Segura Secures Schlumberger Fellowship

Mike Segura’s goal of developing enzymes that make new natural products has earned him this year’s Schlumberger Foundation Fellowship.

Segura, a graduate student in the Department of Chemistry, is studying how plants make triterpenes—compounds that are useful for medicinal and agricultural applications. He’s trying to determine how synthases, or enzymes, that make triterpenes form their complicated structures. By changing the sequence of amino acids in these triterpene synthases, Segura can make new compounds with different properties.

“The reactions that triterpene synthases catalyze are so complicated that chemists can’t do them without enzymes, and the best way to make new triterpenes is to develop new triterpene synthases,” said Segura, whose fourth year of graduate study at Rice is being supported by the 2001–02 Schlumberger Foundation Fellowship.

The fellowship is awarded each year to a student in the Wiess School of Natural Sciences in mathematics, earth science, chemistry, or physics.
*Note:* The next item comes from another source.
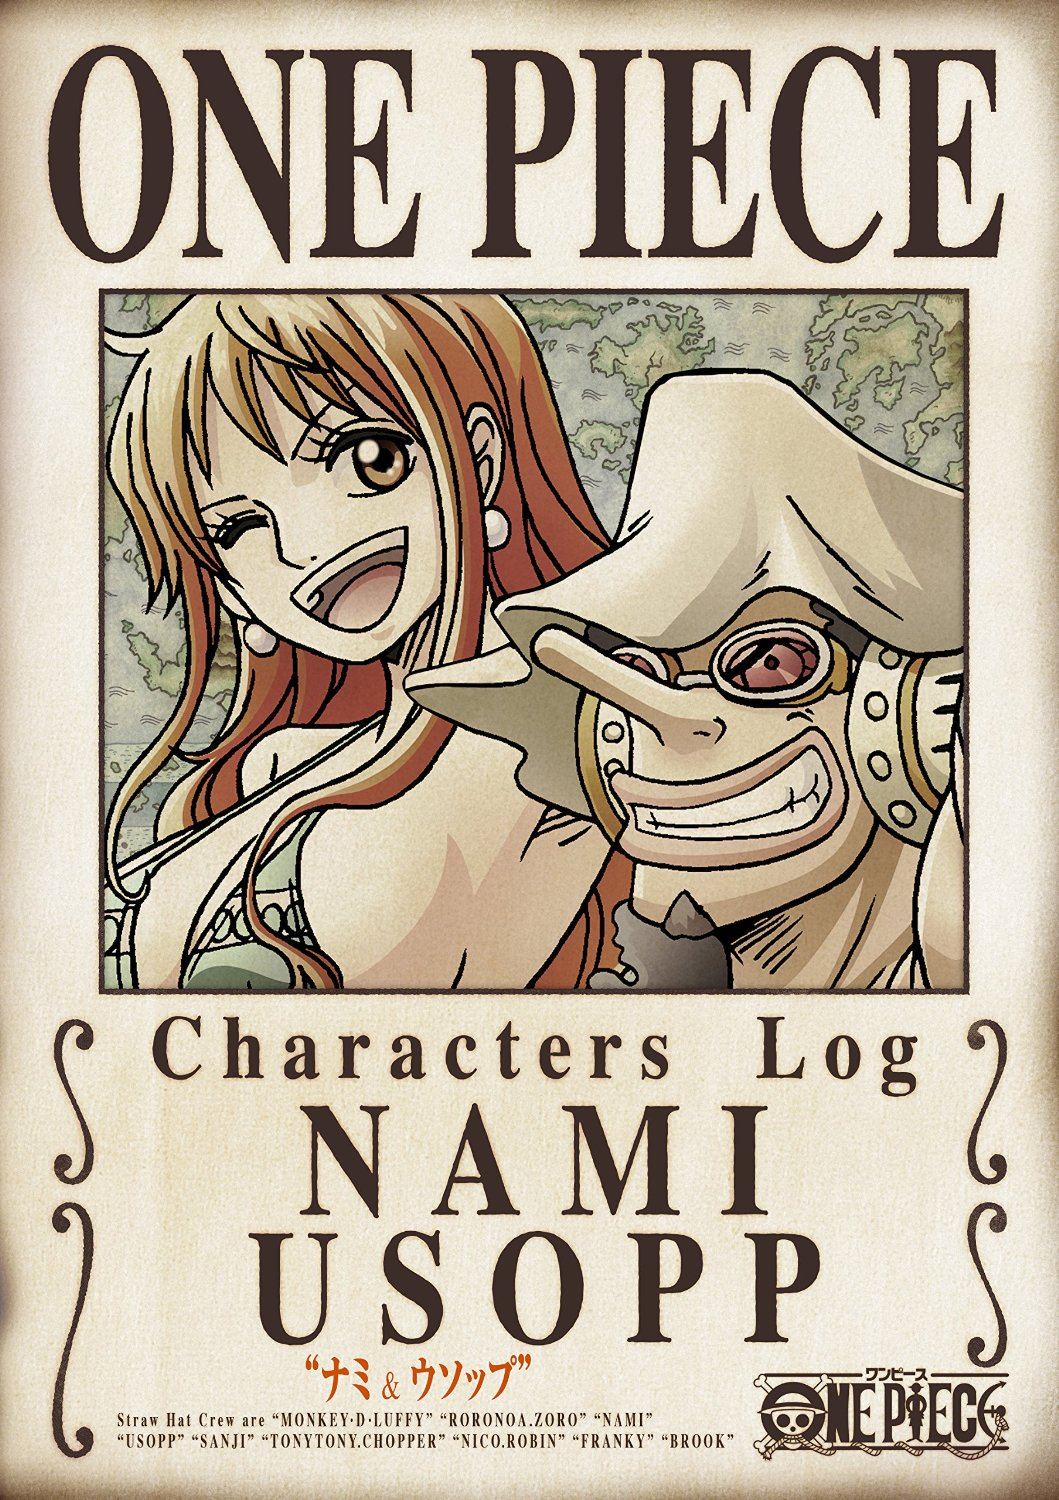 One Piece Characters Log - Luffy And Zoro

Dean Kathleen Matthews selected Segura from the students nominated by the department chairs in natural sciences. Schlumberger Ltd., the second-largest provider of oil-field services, funds the fellowship through a charitable foundation it established in New York City.

Segura’s approach has been to make large pools of mutant triterpene synthases and then identify individual mutants that make the desired compound. One such compound is lanosterol, a steroid that yeast needs to make cell membranes. Another is cycloartenol, a very complex molecule that is found only in plants and that is required for plant growth.

Segura found that a mutant of the enzyme that normally makes cycloartenol can make lanosterol using a technique called genetic selection. He put thousands of mutant cycloartenol synthases into a yeast strain that needs lanosterol to live. These strains were then grown without lanosterol, and only those that acquired an enzyme that can make lanosterol lived. Because only the yeast that can make lanosterol thrived, Segura was able to sort the randomly generated mutant genes to find amino acid combinations necessary to make lanosterol. Segura found the catalytic amino acid that caused the difference by DNA sequencing. He is mutating this amino acid further to make other compounds.

In a more complicated method, Segura uses a technique known as “DNA shuffling” to fragment two genes that perform different reactions, mix the fragments, and recombine them into millions of randomly generated DNA combinations. Segura is looking for enzymes that make lanosterol using the same genetic selection system as before. “We created a new way to get yeast to grow on cycloartenol, which is a nonnatural compound to yeast since it is made in plants,” Segura said. Using this engineered yeast strain, he can genetically select mutant triterpene synthases that make cycloartenol, even though normal yeast can’t use cycloartenol for anything. He gradually is zeroing in on the amino acids that produce the triterpene. Once Segura finds the essential features, he will begin studying what new and different reactions they can be manipulated to perform.

“You have to know what to change before you can change it,” he said. “Right now I’m still trying to find out which parts are relevant to the tinkering.”

Segura’s adviser, Seiichi Matsuda, is very enthusiastic about his future. “Mike is extremely creative but also gets things done efficiently and with great technical expertise,” said Matsuda, associate professor of chemistry and biochemistry and cell biology. “This combination is rare and is the reason that he is so productive. I am confident that he will succeed at any level.”

Segura hopes that his research will eventually lead to a way to get yeast to modify compounds to have new properties. Many natural products have interesting biological activities but cannot be used for drugs because parts of their structures cause undesired side effects. His work to develop new ways to alter natural product structures might eventually lead to new drugs.